The Googleplex, once a campus humming with tech talent (pictured), is practically a ghost town and will remain so, with remote-work policy now extended to July 2021.

Google’s extension of its work-from-home policy this week sent a chill down the spine of optimists hoping to wake up soon from the coronavirus nightmare.

On Monday, the company e-mailed employees to inform them of the policy change that extends the remote-work option until July 2021.

“To give employees the ability to plan ahead, we are extending our global voluntary work from home option through June 30, 2021 for roles that don’t need to be in the office,” wrote Sundar Pichai, chief executive officer of Google parent company Alphabet.

The move rippled across the tech and mainstream press, largely because it’s the longest extension of a work-from-home policy from a tech company of Google’s size and influence. But the search giant is not the first to accept that the pandemic is not going anywhere anytime soon. The announcement wasn’t even the boldest such move by a tech company, either. Previously Facebook, Twitter, Square and Slack have all put their offices on ice and employees on remote-work status indefinitely. Google is just the latest to join the fray.

Still, the revelation sent shockwaves across the web, and the momentum suggests that this new work-from-home culture is no mere blip, but a longer-term trend.

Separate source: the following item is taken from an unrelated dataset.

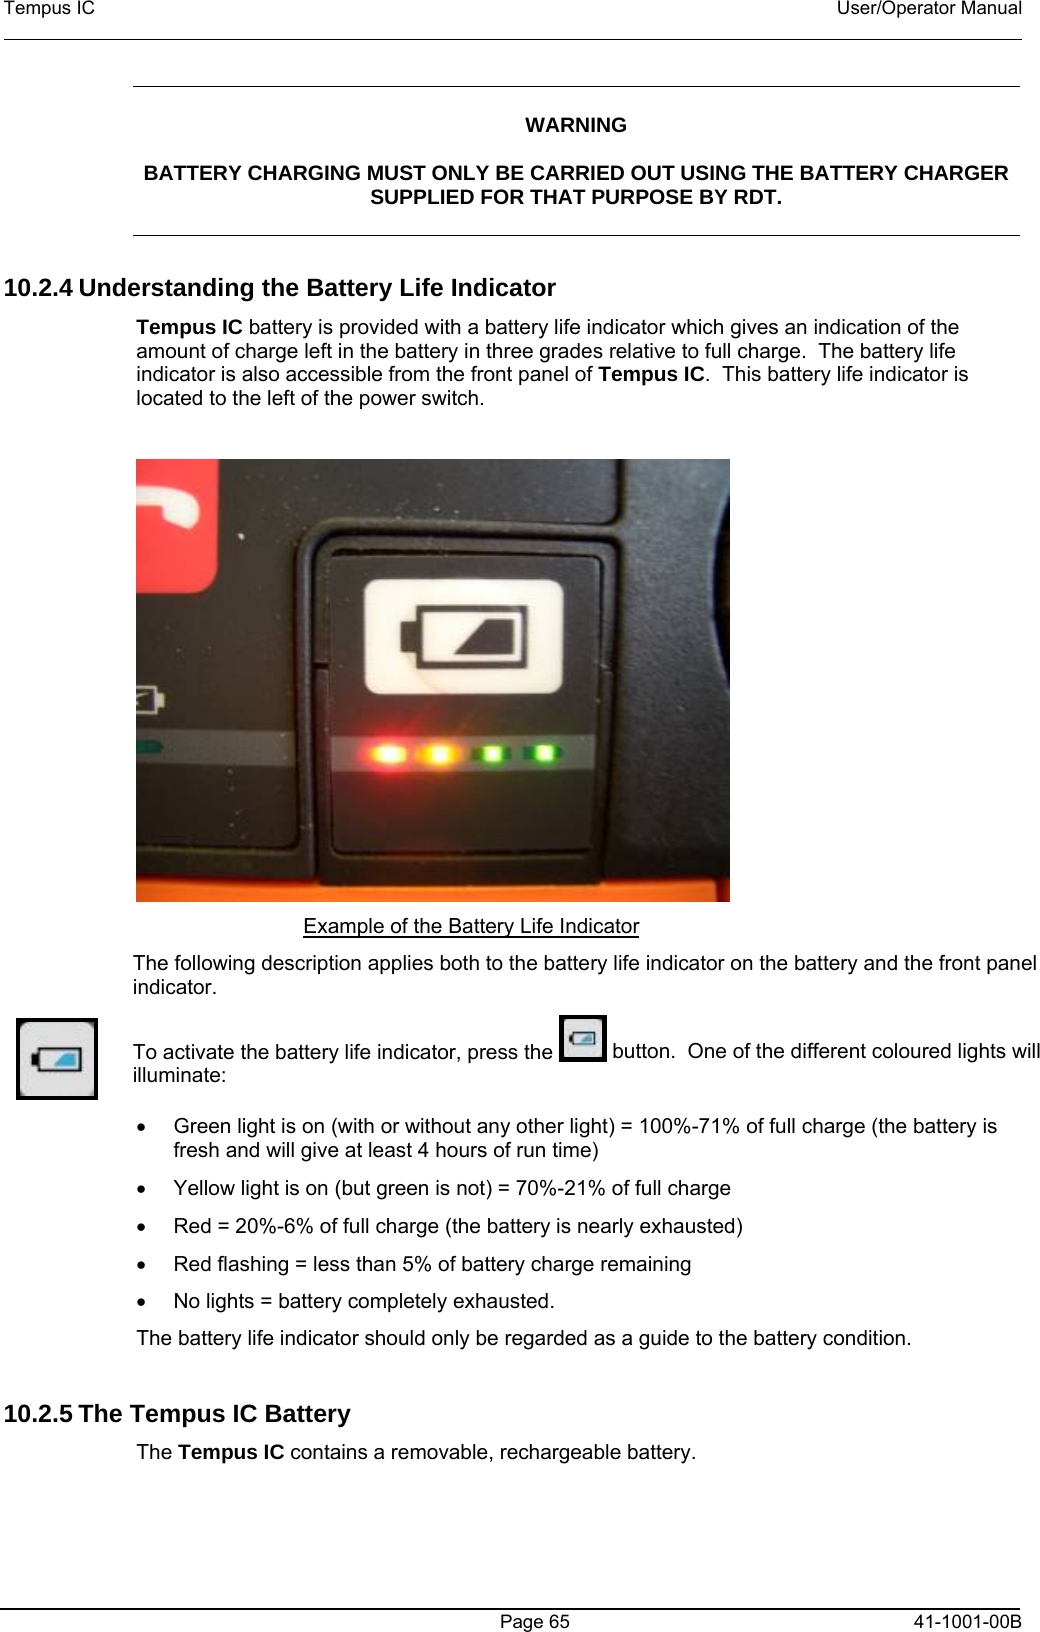 Tempus IC    User/Operator Manual     WARNING  BATTERY CHARGING MUST ONLY BE CARRIED OUT USING THE BATTERY CHARGER SUPPLIED FOR THAT PURPOSE BY RDT.  10.2.4 Understanding the Battery Life Indicator  Tempus IC battery is provided with a battery life indicator which gives an indication of the amount of charge left in the battery in three grades relative to full charge.  The battery life indicator is also accessible from the front panel of Tempus IC.  This battery life indicator is located to the left of the power switch.   Example of the Battery Life Indicator    The following description applies both to the battery life indicator on the battery and the front panel indicator.  To activate the battery life indicator, press the   button.  One of the different coloured lights will illuminate: •  Green light is on (with or without any other light) = 100%-71% of full charge (the battery is fresh and will give at least 4 hours of run time) •  Yellow light is on (but green is not) = 70%-21% of full charge  •  Red = 20%-6% of full charge (the battery is nearly exhausted) •  Red flashing = less than 5% of battery charge remaining •  No lights = battery completely exhausted. The battery life indicator should only be regarded as a guide to the battery condition.    10.2.5 The Tempus IC Battery The Tempus IC contains a removable, rechargeable battery.    Page 65   41-1001-00B

The aggregate workforce of the companies mentioned exceeds that of some towns and cities, with more than 175,000 full-time employees total. That’s more than the entire populations of Berkeley, Calif.; New Haven, Conn.; Savannah, Ga., and other midsize cities. Add part-timers, freelancers and contract workers to the mix, and the number swells.

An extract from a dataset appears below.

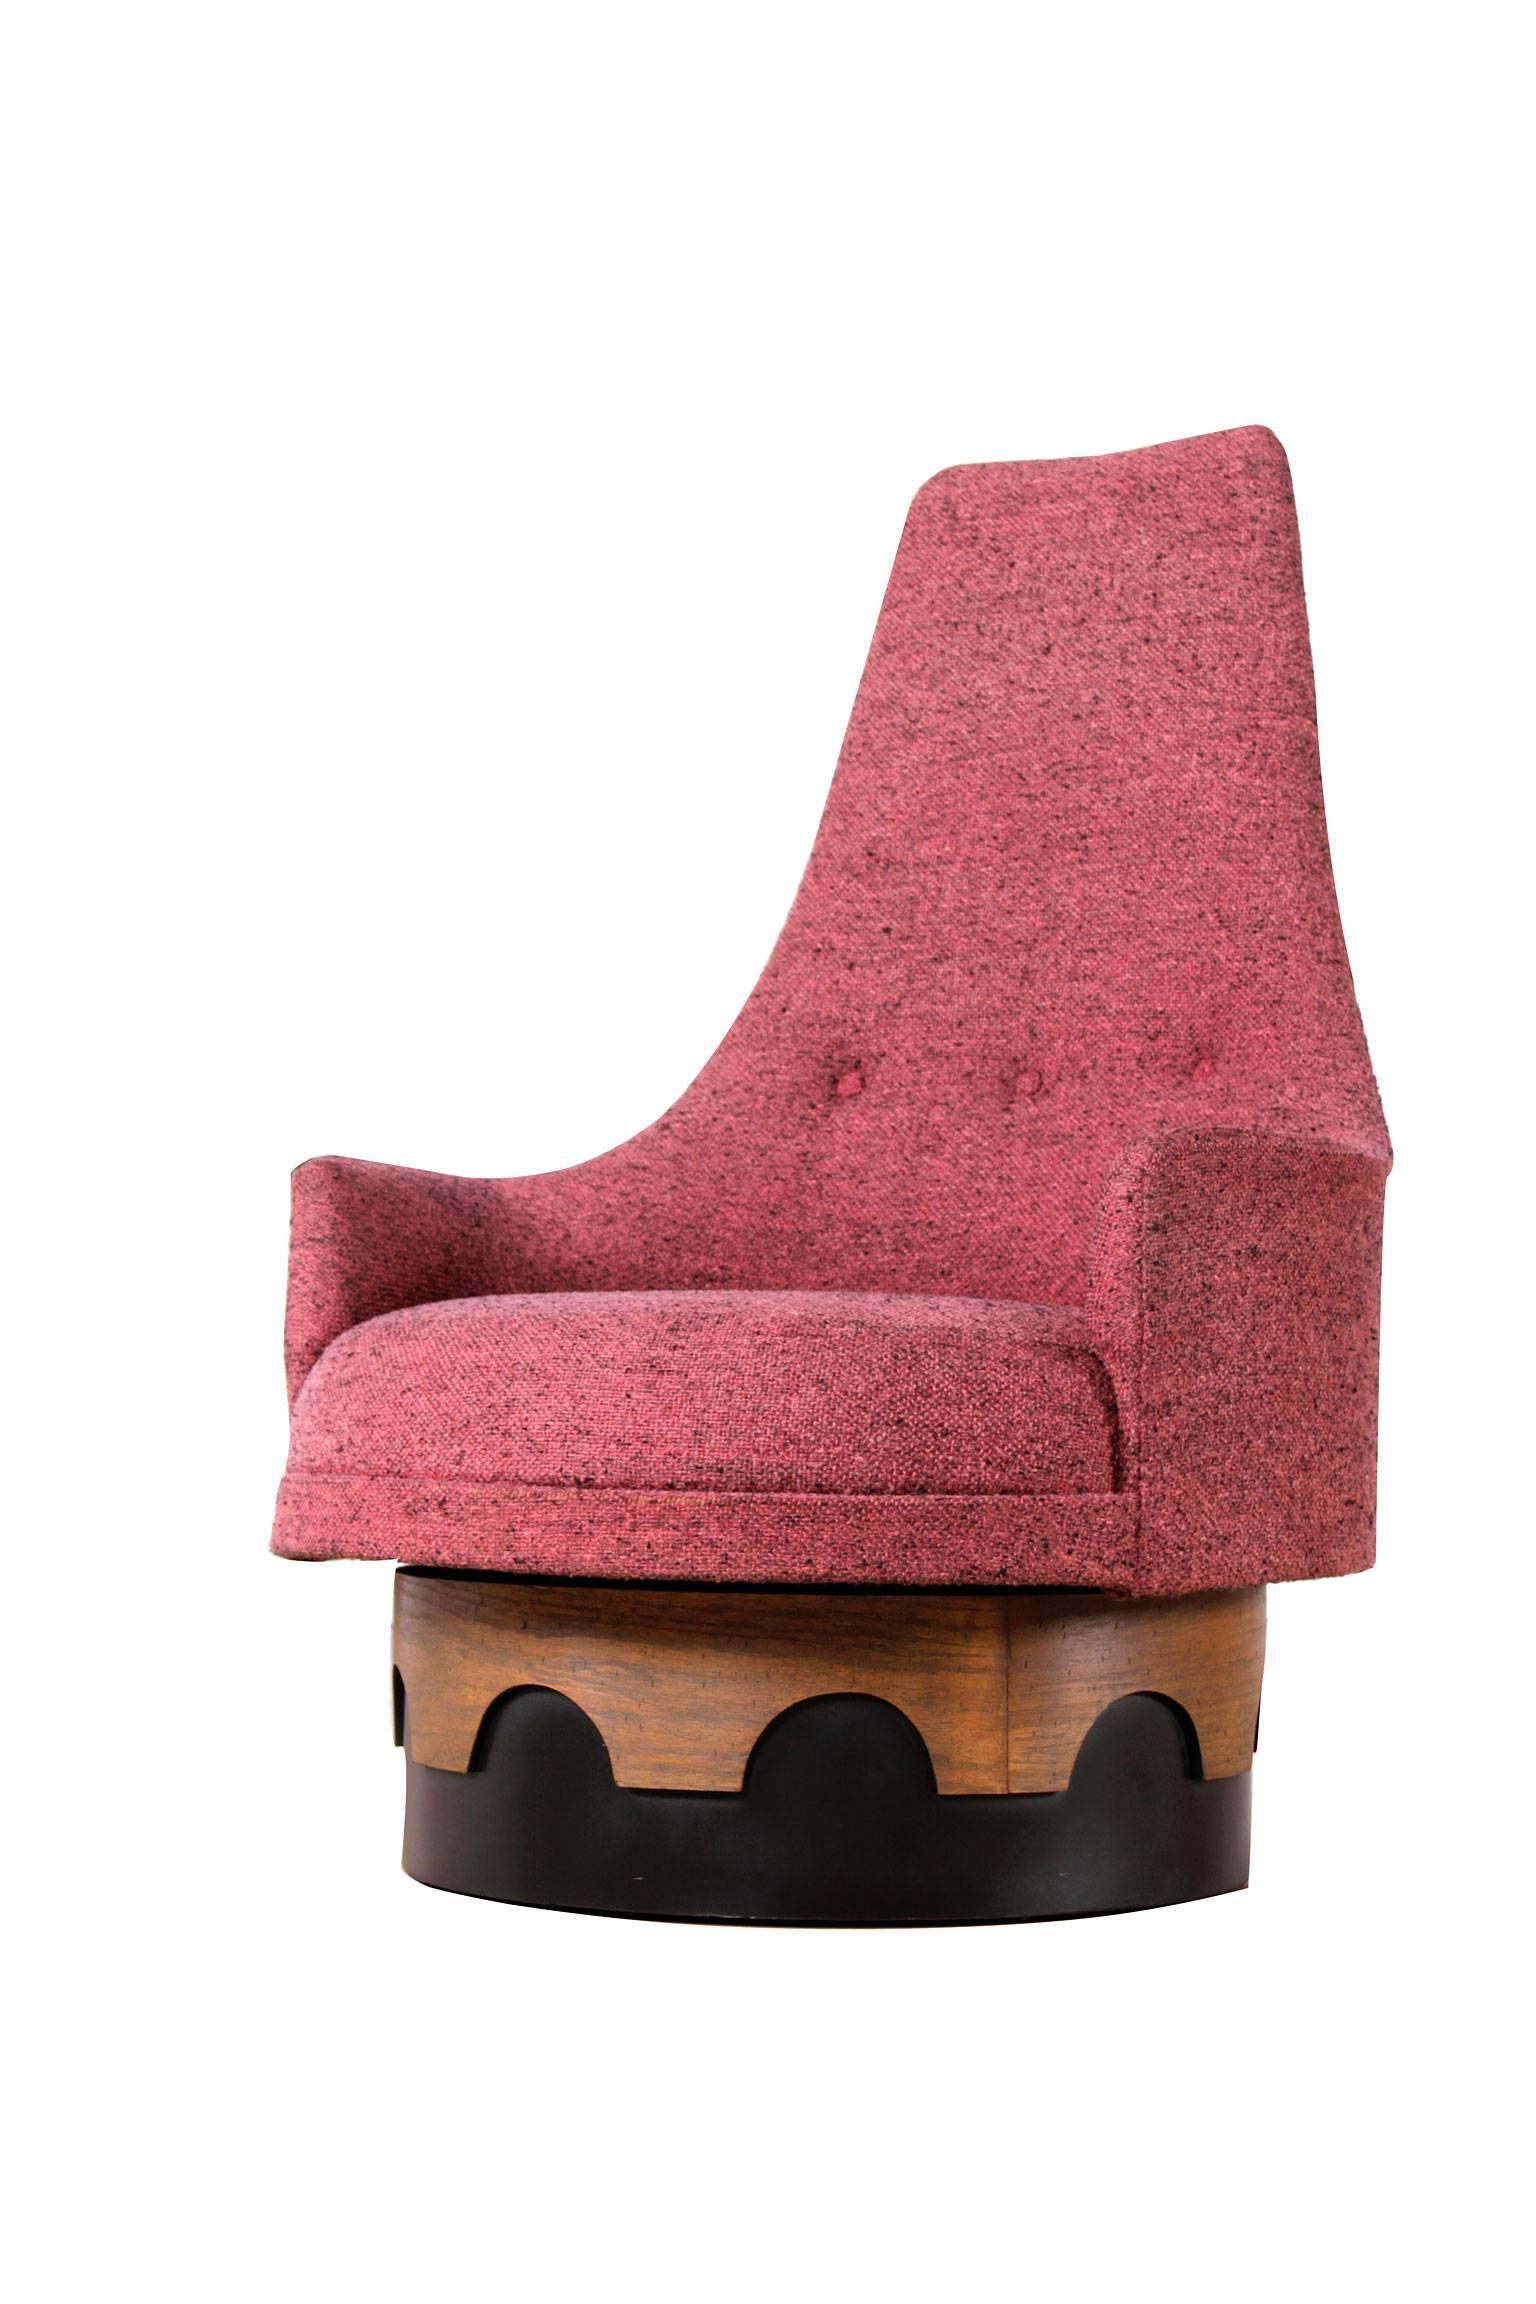 Vintage Adrian Pearsall high back swivel lounge chair from his “Strictly Spanish” collection for Craft Associates. This time capsule piece boasts original fuchsia tweed upholstery in stellar condition. The chair has been professionally steam cleaned

Google accounts for a vast majority of that group, with its 119,000 full-time workers, 100,000 of whom are located in North America.

The e-commerce segment of the tech industry isn’t immune, either. In May, Shopify ceo Tobi Lütke tweeted that his company’s offices will remain closed until 2021, to allow for reworking those physical spaces. But the change will hit most of its 5,000 employees permanently.


Apple hasn’t solidified any such plans, but U.S. staffers aren’t expected to physically return to the campuses before the end of the year. Offices in Europe and Asia plan to reopen in the coming months, or at least they did before the latest coronavirus resurgence.

In the meantime, the iPhone maker is reworking its retail operations. Store employees will be expected to serve customers remotely, following the closures of more than 90 of its U.S. stores.

Deirdre O’Brien, senior vice president of retail and people at Apple, addressed Apple Store employees via video.

“If your store is closed, please sign up for Retail at Home, please talk to your manager, because we really need to make sure that we shift our teams to greet our customers remotely in this time,” O’Brien was reportedly recorded saying in the video. “We may need to be working remotely for some period of time.”

Apple employs some 137,000 people across retail, corporate, engineering and other departments. The company’s hugely popular consumer electronics business may make remote collaboration difficult. So it might make sense if it’s not exactly enthusiastic about long-term work-from-home policies.

Notably, some viewers wonder if this point of view snuck into its latest ad. Either way, it perfectly captures some of the challenges of a distributed workforce.

Tech companies are not alone in issuing work-from-home mandates, of course, but their influence is hard to deny. Hot, in-demand employers like Google, Apple, Facebook and others — with their long lists of employee perks and big salaries — can each draw millions of job applicants per year, and they’ve long shaped broader workplace cultures.

Now that they are untethered to their campuses, some permanently, it amounts to a reckoning with a new normal that has, and will likely continue to have, dramatic effects on retail. Especially fashion.

Already, it’s very clear that various categories are experiencing very, very different pandemic periods.

LVMH Moët Hennessy Louis Vuitton put a finer point on the suffering of the luxury market, having recently reported a plunge in net profit of 84 percent in the first half of the year. In another part of the fashion spectrum, denim sales fell off a cliff, as brands like Lucky go bankrupt while Levi’s revenue bottoms out. Meanwhile, couch-friendly categories like loungewear and ath-leisure remain strong.

It all leads to a few questions: In a stay-at-home world, what need is there for suits, heels and other workplace attire? Do special occasion outfits have a place in a COVID-19 world? As people fight to keep kids quiet during Zoom conference calls or other stresses, what room is there for extravagance or even whimsy?

The answers may amount to an existential crisis for some brands. But for others, it could be an opportunity for reinvention.

At the very least, it’s ironic that hoodie-clad tech companies and their policies have become a sign of turbulent times rocking the fashion business.